Monday, May 19, 2003

Atrios refers to the Hitler miniseries is 'important.' I hope not.
Last night I was flipping the channels at my ex-girfriend's apartment in Brighton Beach. For a few minutes we watched Mr Smith Goes to Washigton, the scene where Jimmy Stewart gives his awed little monologue of his first visions of the Capital dome and the Lincoln Memorial. It's "Capra corn" at its worst: every moment choreographed to produce the appropriate response, the audience and the cynical secretary won over by the earnest naivete of the newby senator. I cringed and begged to switch the channel. We ended up with "Hitler: The Rise of Evil", but it was the same thing: the audience being told what emotions to feel, whom to love and whom to hate. Once again, it's us versus them. But history is never us versus them; it's us versus us. To claim otherwise is fall into the trap of political kitsch, of which fascism is the first example. It helps no one and should not be defended, especially those whose of us who claim to be aware of the stakes.

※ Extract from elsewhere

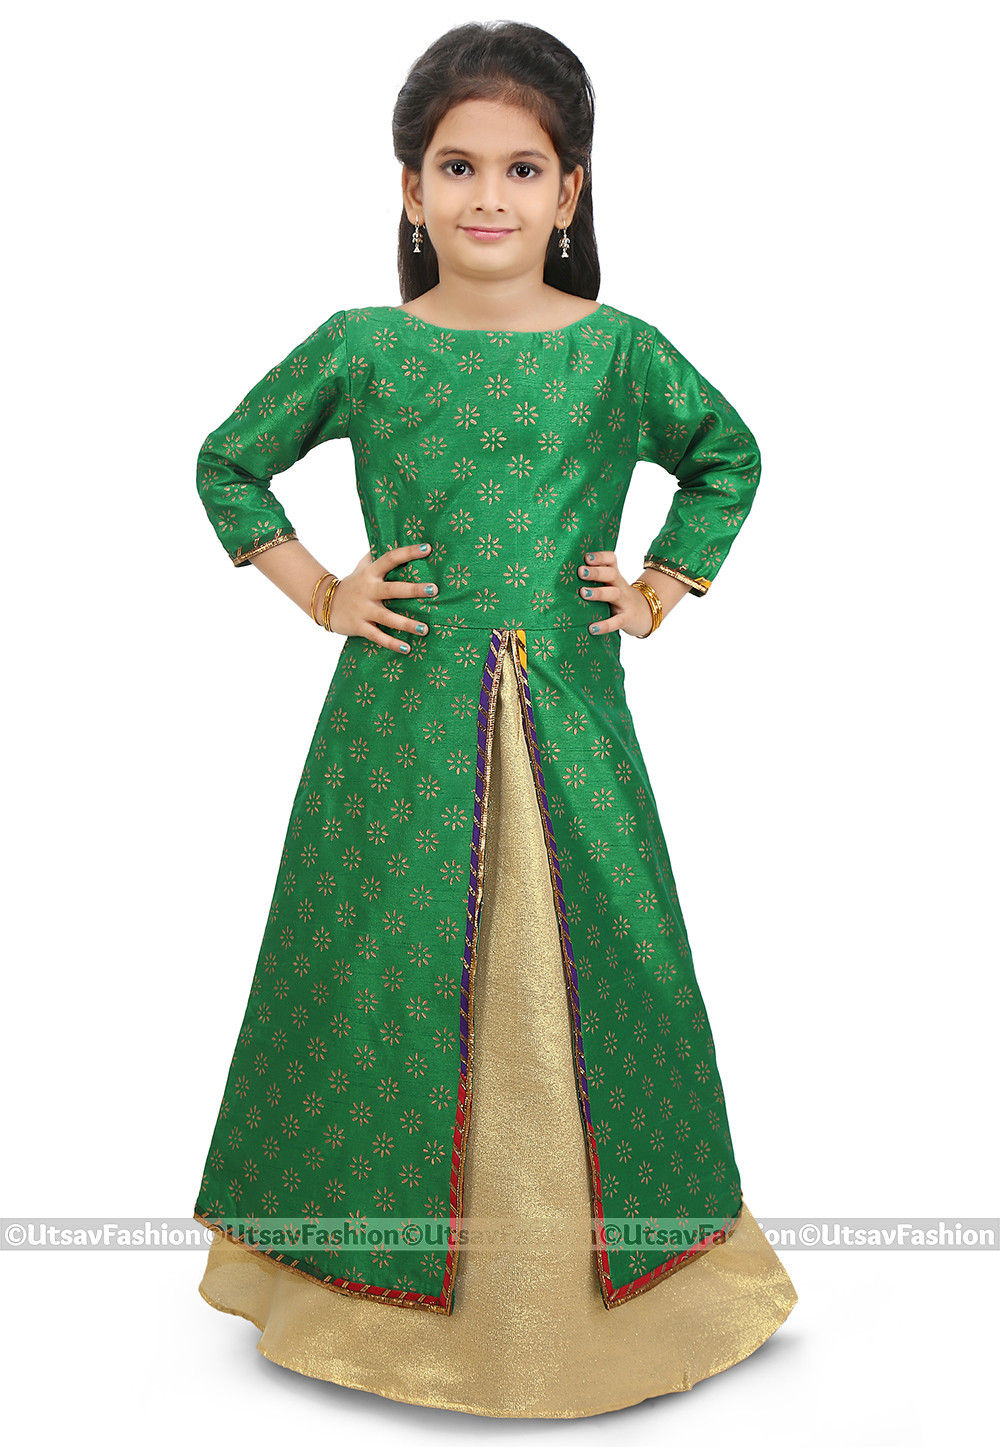 Block Printed Dupion Silk Jacket Style Lehenga in Green

Jack Balkin is still arguing with Larry Solum on the subject of Constitutional change.
Solum refers to himself as a "neoformalist" and lays out some principles as to what that description means. That's all well and good, but he's talking to others who are not neoformalists. And there are plenty of others of various other persuasions who are involved in debates on the same subject. In this case a neoformalist is debating a hybrid historicist textualist social constructivist liberal. Never mind how change should happen, how does it happen? What are the terms of the debate they are already having? We need a little less theorizing and a little more sociological observation. Balkin understands this; after all I think it fits in with his philosophy, but Solum seems not to, and is simply trying to invent ways to justify his moral conservatism with a veneer of logic. But if history is anything other than repitition, it's dialectics. As a simple matter of fact, Solum's ideals, even if they come and go in popularity, simply fail as a description of why they do so.